● Exercise
Please transcribe the data exactly as shown, skipping the images.

*** Data excerpt Section Begins ***

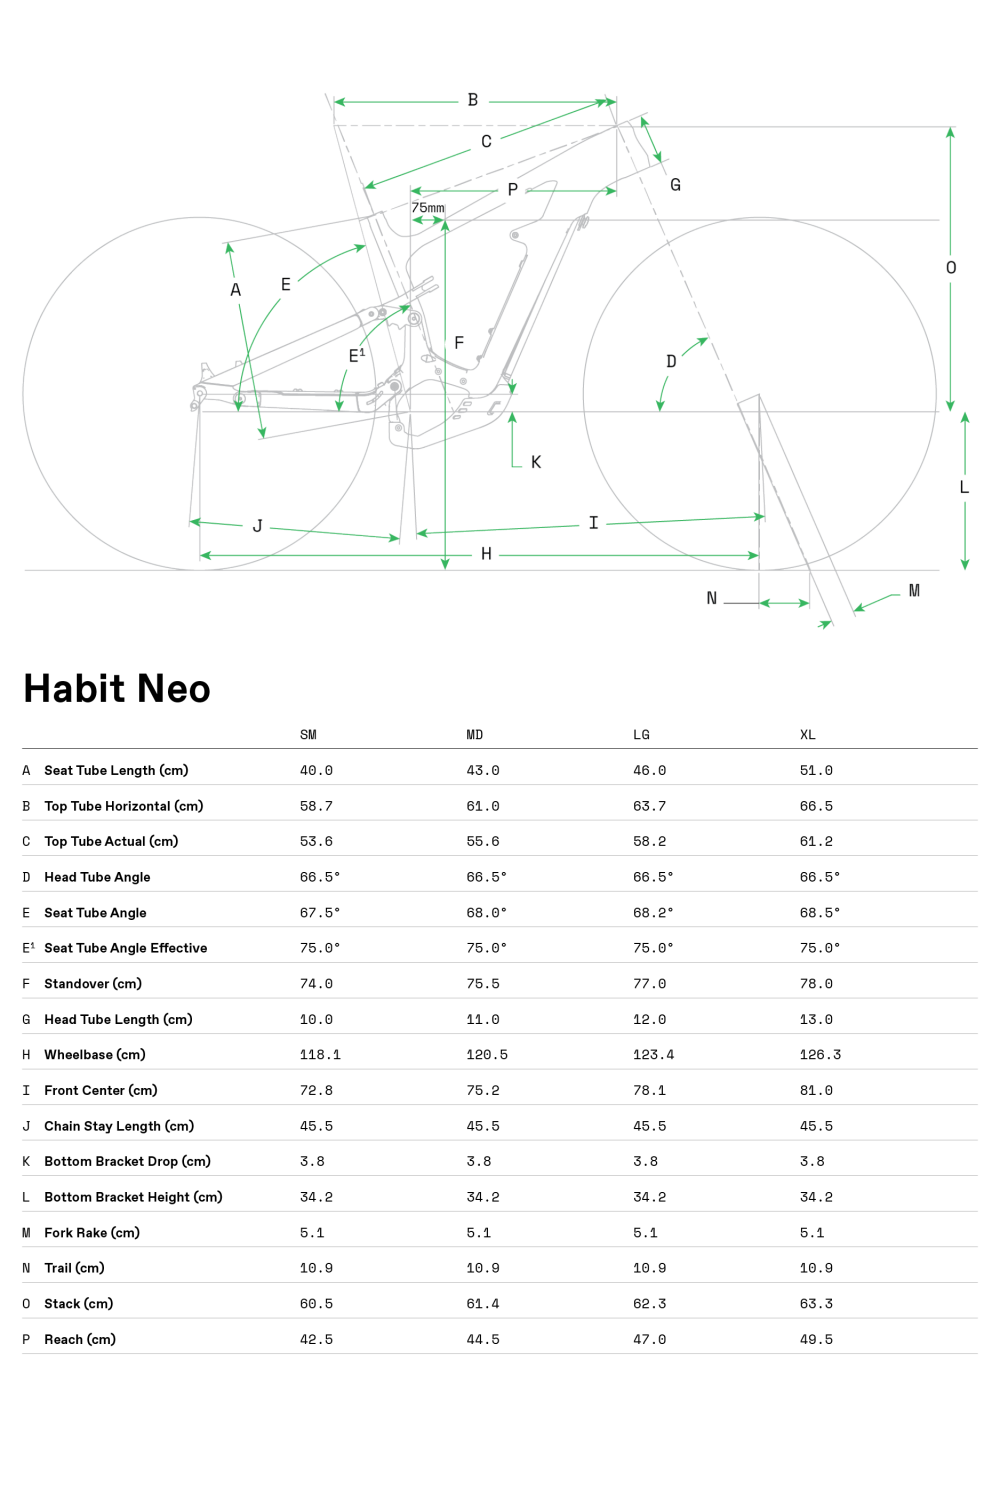 Habit Neo 4 - 
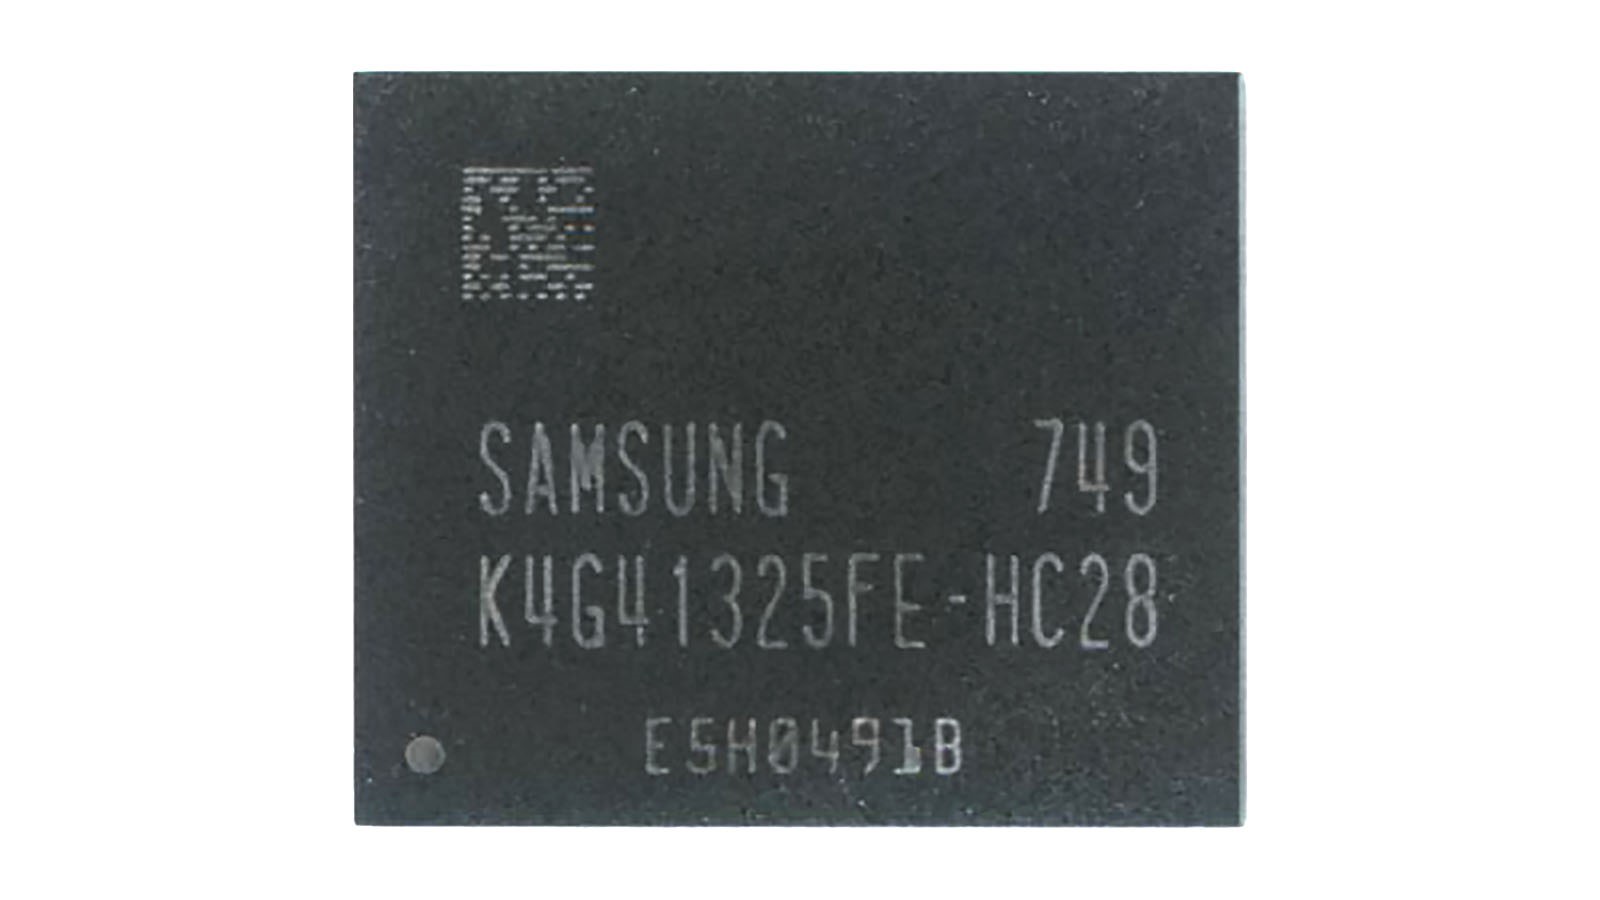 Видеопамять GDDR5 Samsung K4G41325FE-HC28 17год.
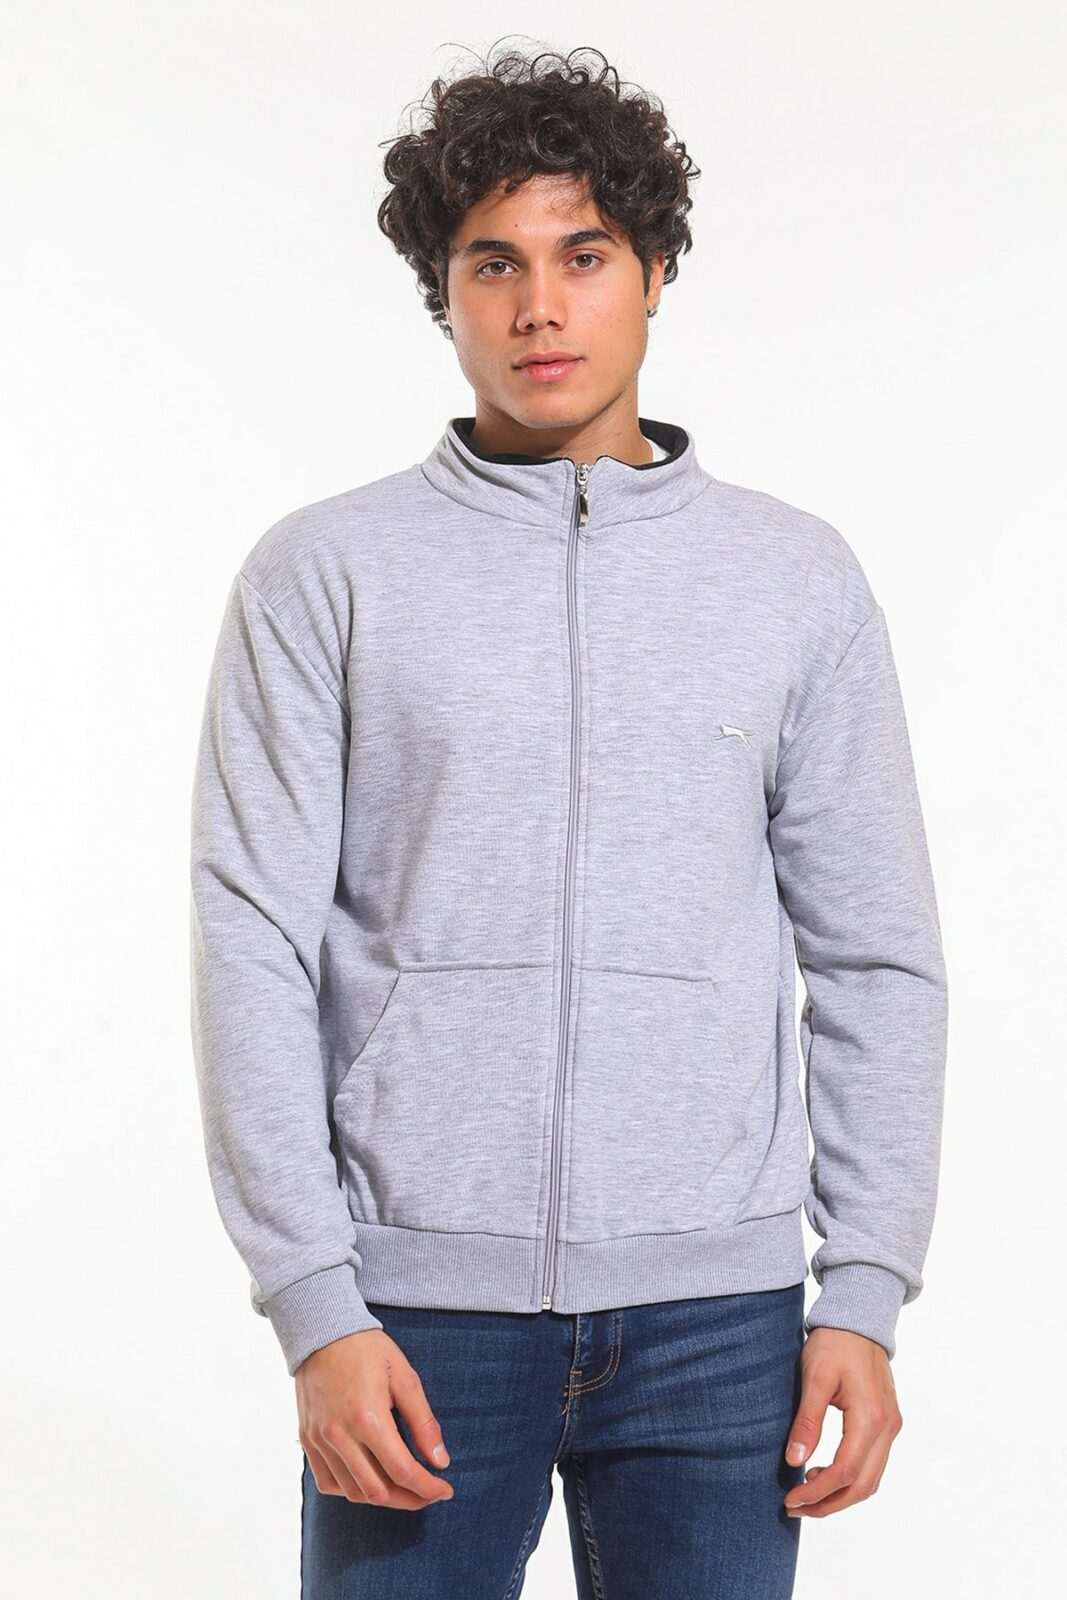 Slazenger Sports Sweatshirt - Gray

*** Data excerpt Section Ends ***

● The completed task
 Habit Neo 4 - 
 Видеопамять GDDR5 Samsung K4G41325FE-HC28 17год.
 Slazenger Sports Sweatshirt - Gray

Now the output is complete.